7. Trocas gasosas e curva de resposta da fotossíntese líquida (A) em função da fração molar intracelular de CO2 (Ci) e da densidade de fluxo de fótons (Q)
As características de trocas gasosas serão medidas em um sistema aberto por infravermelho (IRGA - LI-6400XT, Li-Cor Inc., NE, USA). Os parâmetros concentração intracelular de CO2 (Ci), condutância da folha ao vapor d’água (g), taxa de troca de CO2 (fotossíntese líquida – A) e taxa de transpiração (E) serão calculados segundo o modelo de Von Caemmerer e Farquhar (1981). Para determinação da curva A/Ci será realizada com o fornecimento gradual de CO2 em concentração conhecida (Ca) (previamente estabelecida em ensaios preliminares) por sistema de injeção apropriado e medida da fotossíntese líquida correspondente. Obtida a curva de resposta será utilizado o modelo proposto por Farquhar et al., (1980) que permite a estimativa: da atividade aparente da Rubisco (VCi max), da máxima taxa de transporte de elétrons usados na regeneração da ribulose 1,5-bisfosfato (Jmax) e da utilização da triose-fosfato (VTPU). A curva A/Ci será realizada em três diferentes densidades de fluxo de fótons.

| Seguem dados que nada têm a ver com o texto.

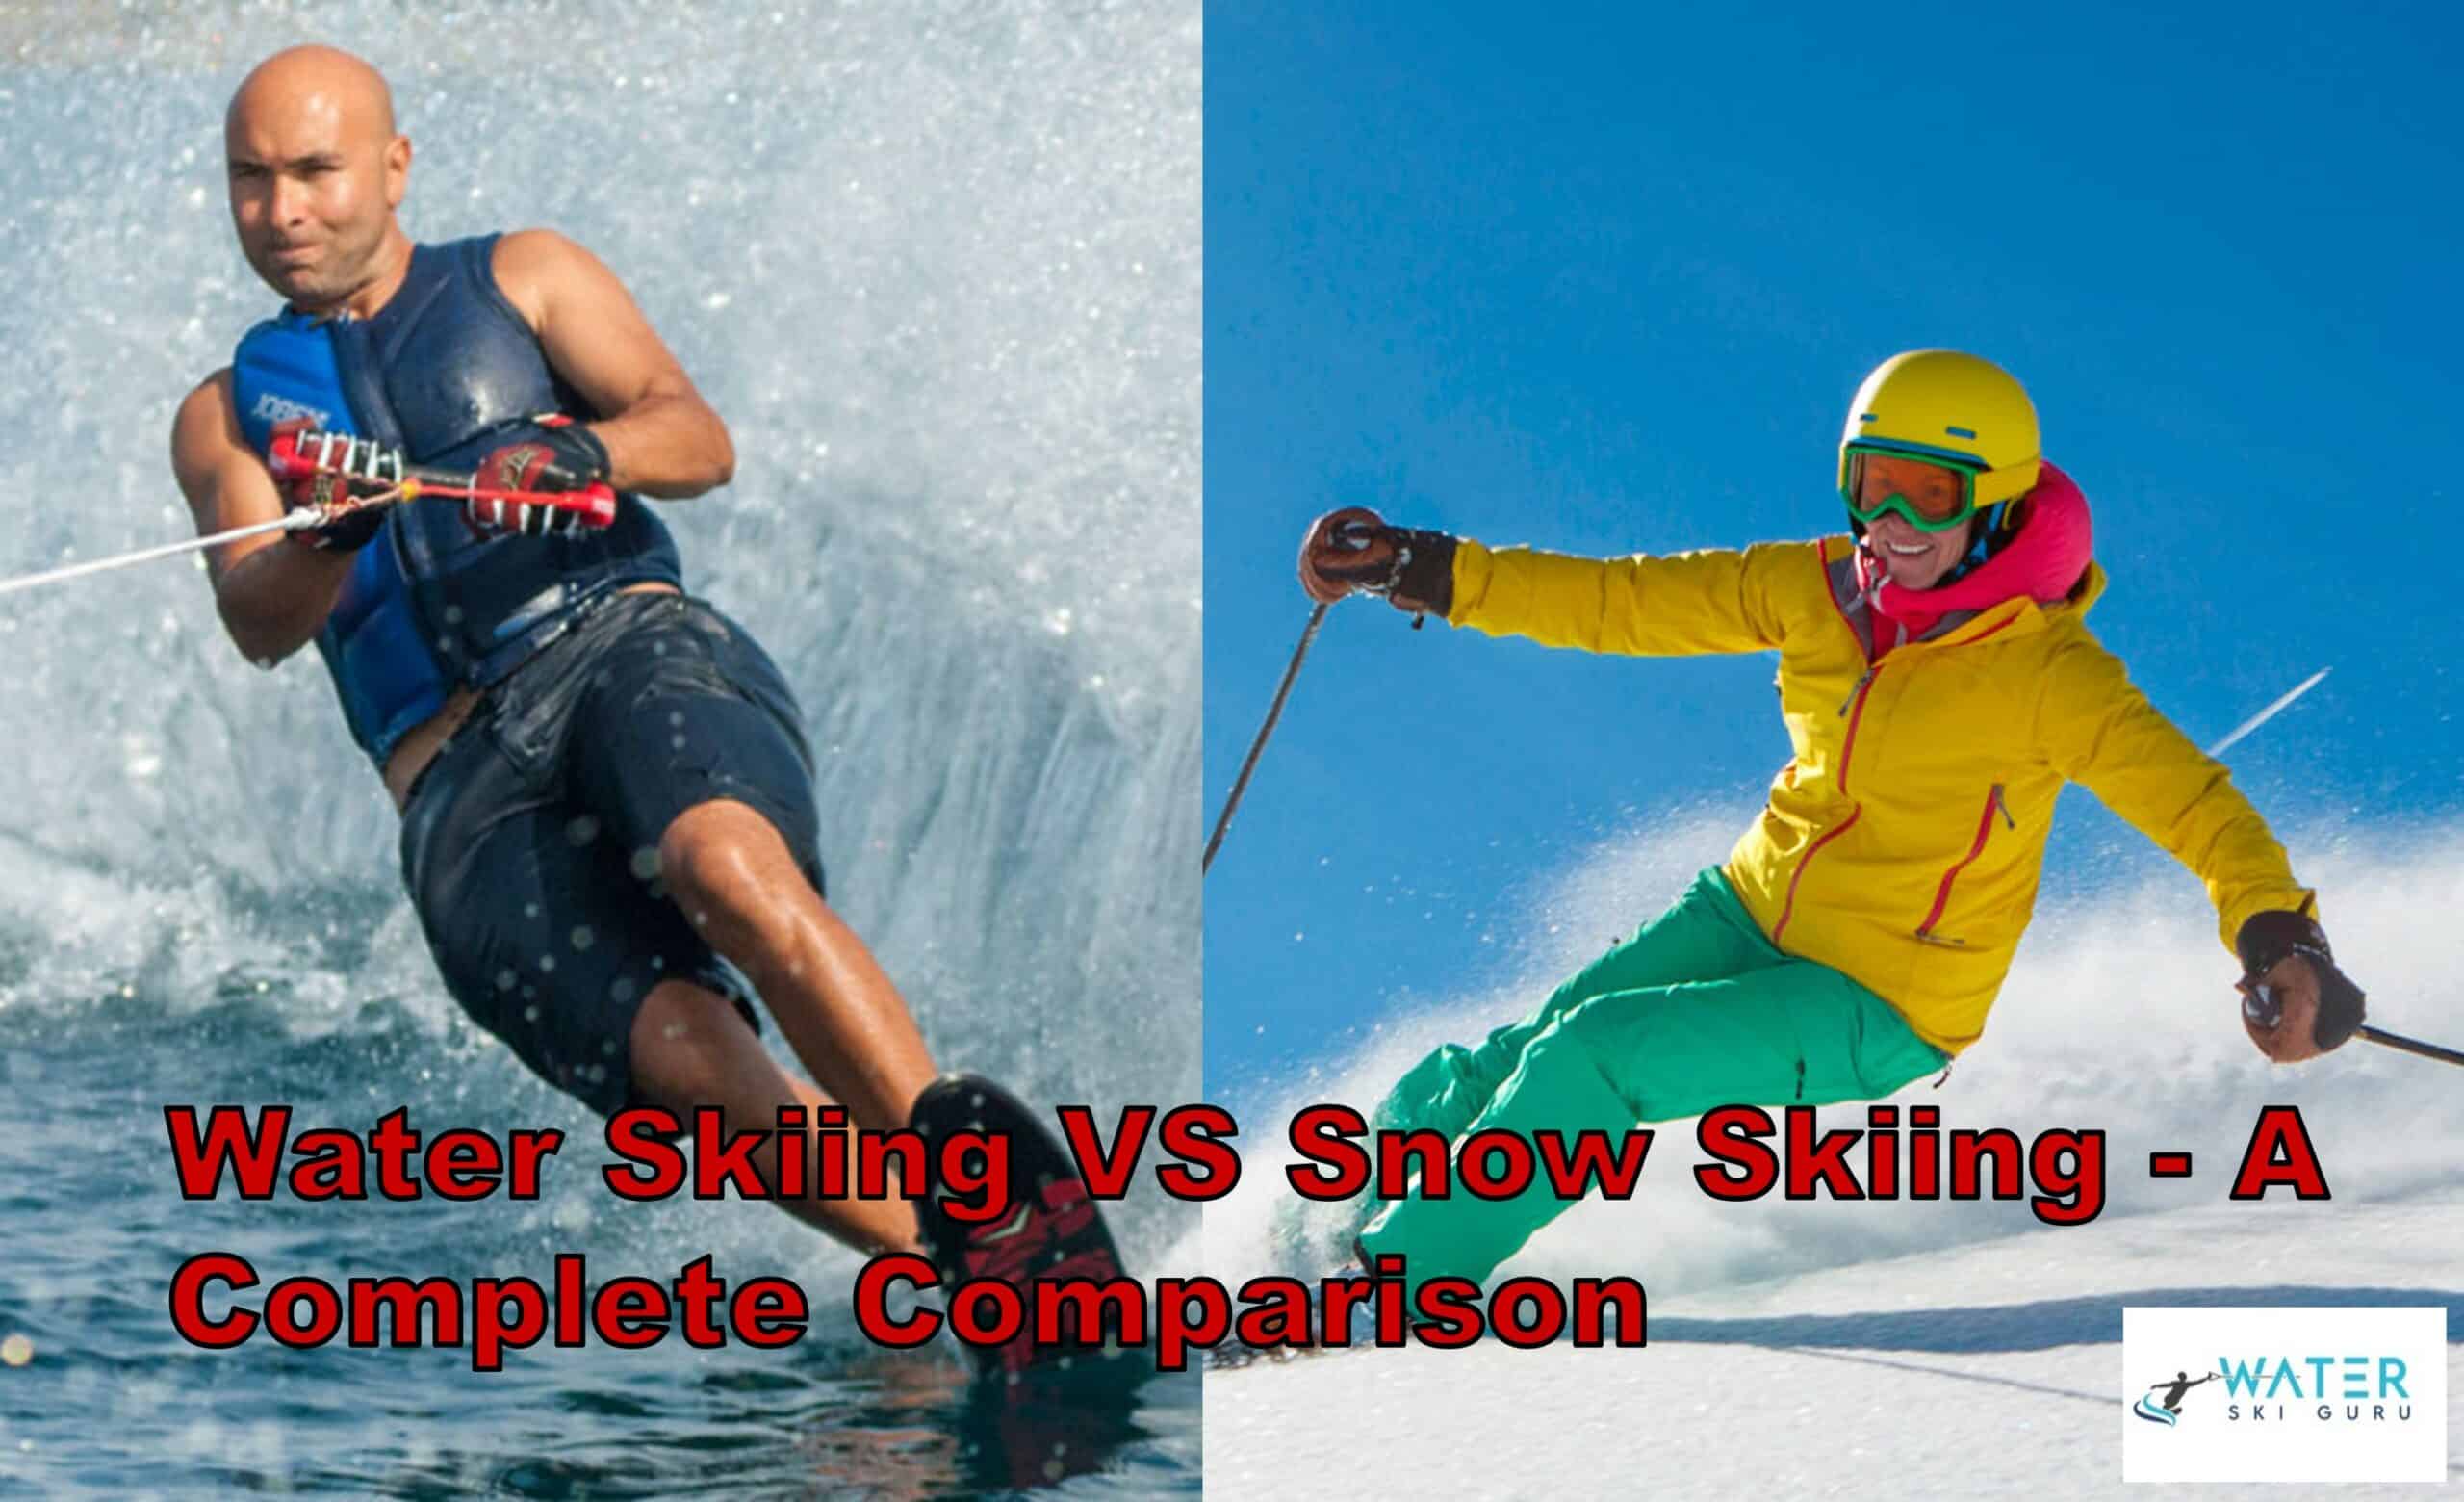 Water Skiing VS Snow Skiing - A Complete Comparison

Dessa forma, ao final da execução das etapas propostas neste projeto, espera-se:

Avaliar parâmetros qualitativos e quantitativos de fluorescência das clorofilas e trocas gasosas de genótipos de Arabidopsis com características fotossintéticas diferencial;

Traçar um paralelo entre os diferentes genótipos de Arabidopsis, caracterizando sua performance de absorção de energia luminosa;

Avaliar o impacto de estresses abióticos nas plantas dos diferentes genótipos de Arabidopsis;

Compreensão dos aspectos biofísicos do fluxo de energia na cadeia de transporte de elétrons da fotossíntese para potencializar o aproveitamento da energia luminosa;

Desenvolver conhecimento científico básico sobre a relação entre a fluorescência das clorofilas, permitindo a consolidação da linha de pesquisa utilizando a fluorescência como instrumento de pesquisas em fisiologia vegetal;

Formação de recursos humanos em nível de iniciação científica e pós-graduação.

Publicação de artigos científicos e apresentação de trabalhos em eventos relacionados à área de fisiologia vegetal.